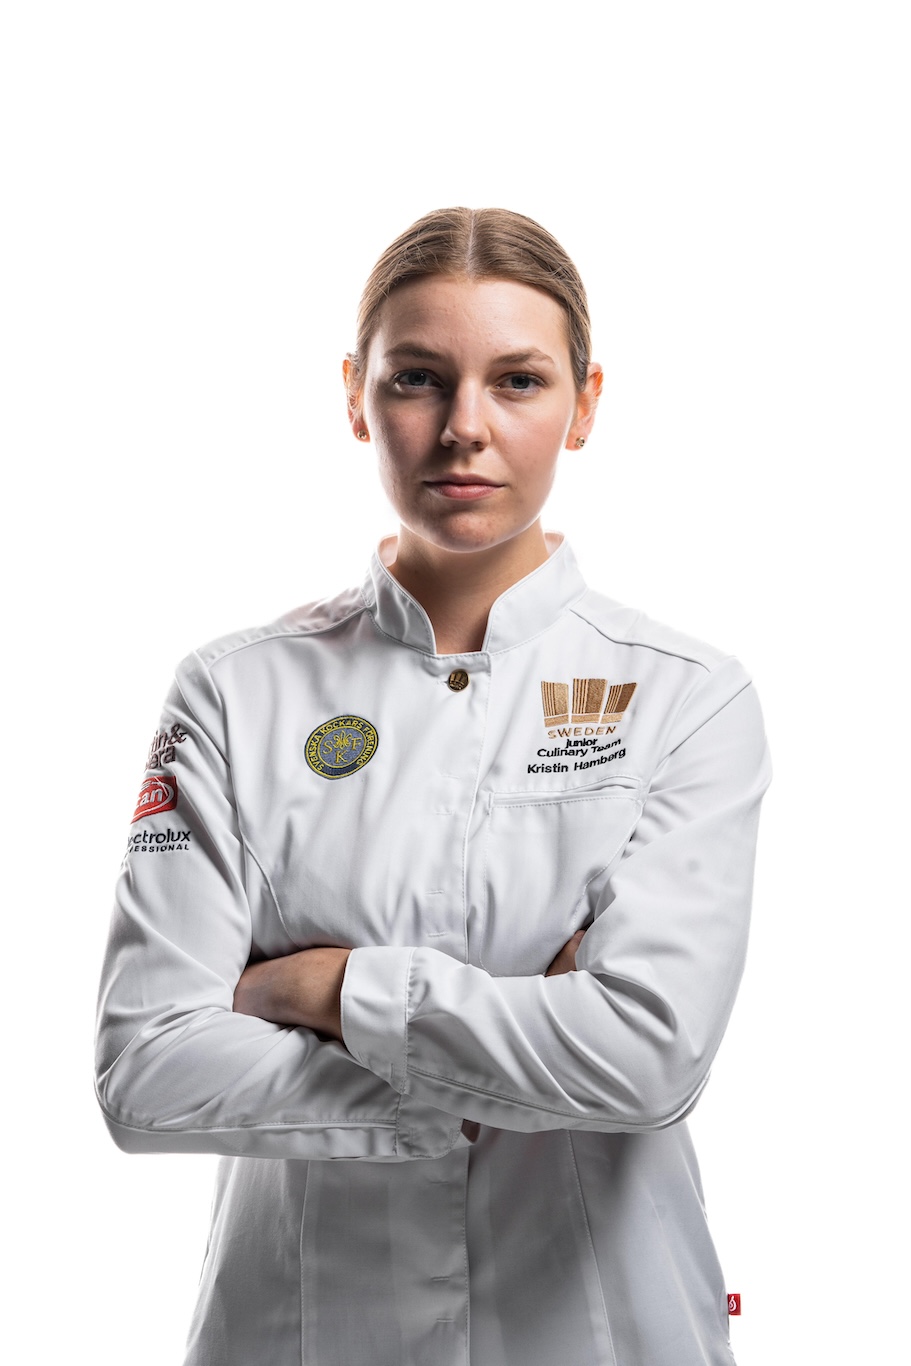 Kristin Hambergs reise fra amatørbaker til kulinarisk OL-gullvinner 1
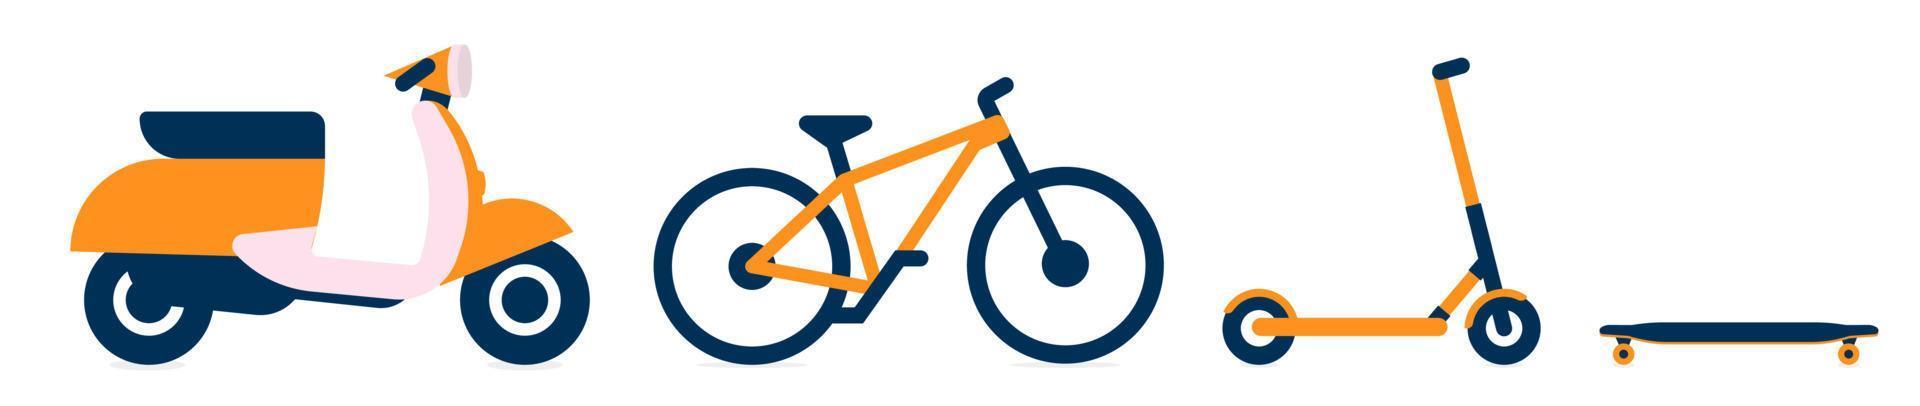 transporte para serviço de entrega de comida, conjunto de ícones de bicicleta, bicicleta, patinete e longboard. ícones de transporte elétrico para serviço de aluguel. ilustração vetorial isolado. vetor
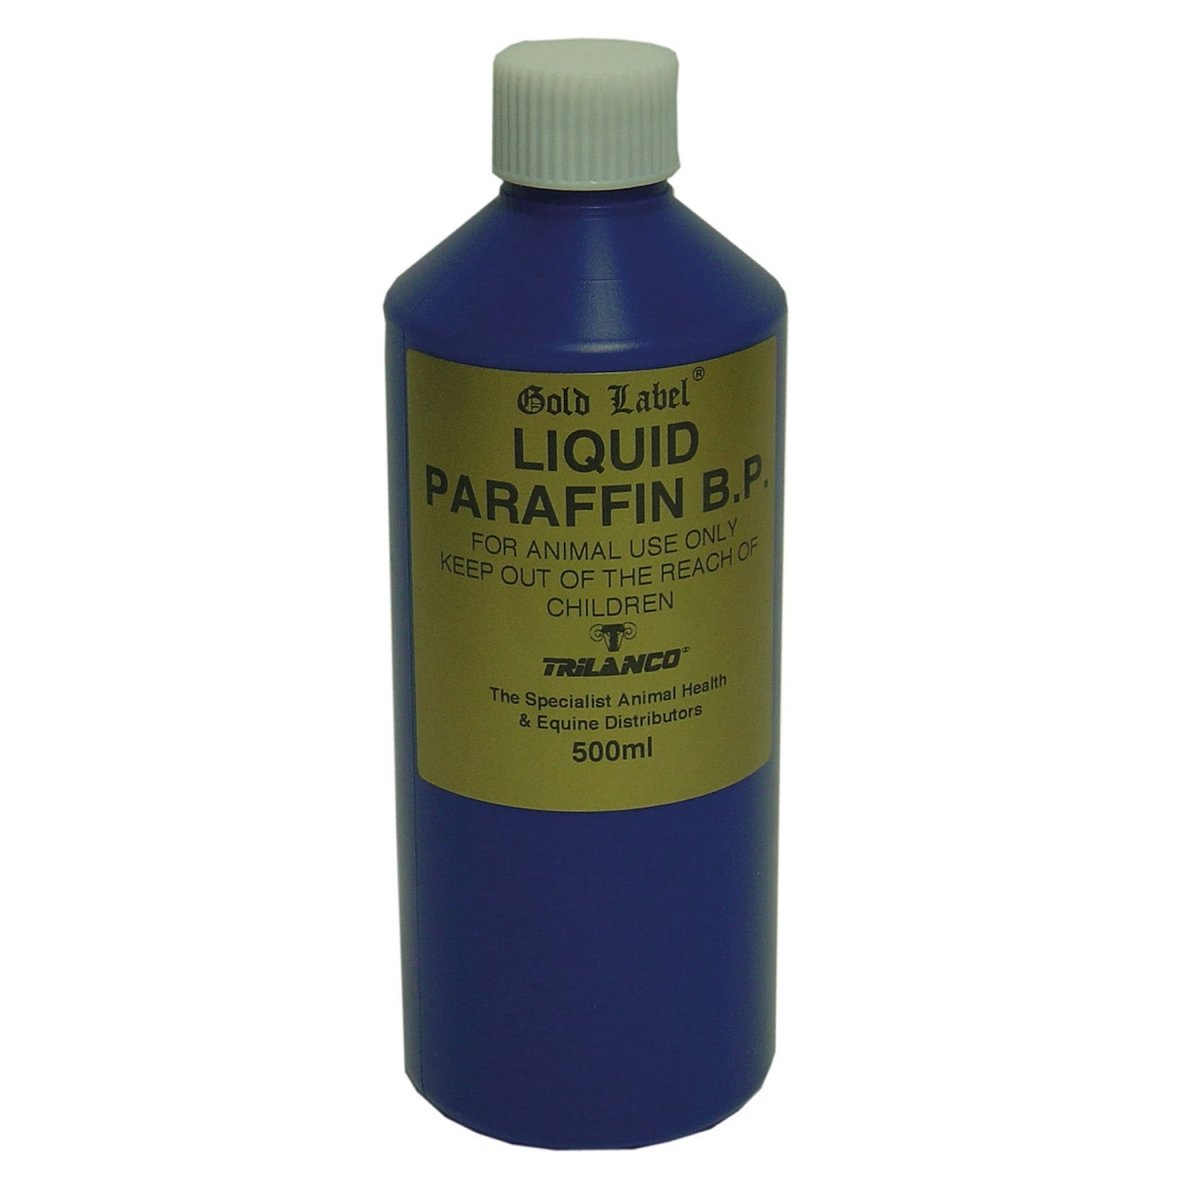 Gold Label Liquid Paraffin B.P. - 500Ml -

^^^^^^^^

_Exercise objective_:
Reproduce the material word for word, but without its images.

_Reply_:
 Kristin Hambergs reise fra amatørbaker til kulinarisk OL-gullvinner 1
 transporte para serviço de entrega de comida, conjunto de ícones de bicicleta, bicicleta, patinete e longboard. ícones de transporte elétrico para serviço de aluguel. ilustração vetorial isolado. vetor
 Gold Label Liquid Paraffin B.P. - 500Ml -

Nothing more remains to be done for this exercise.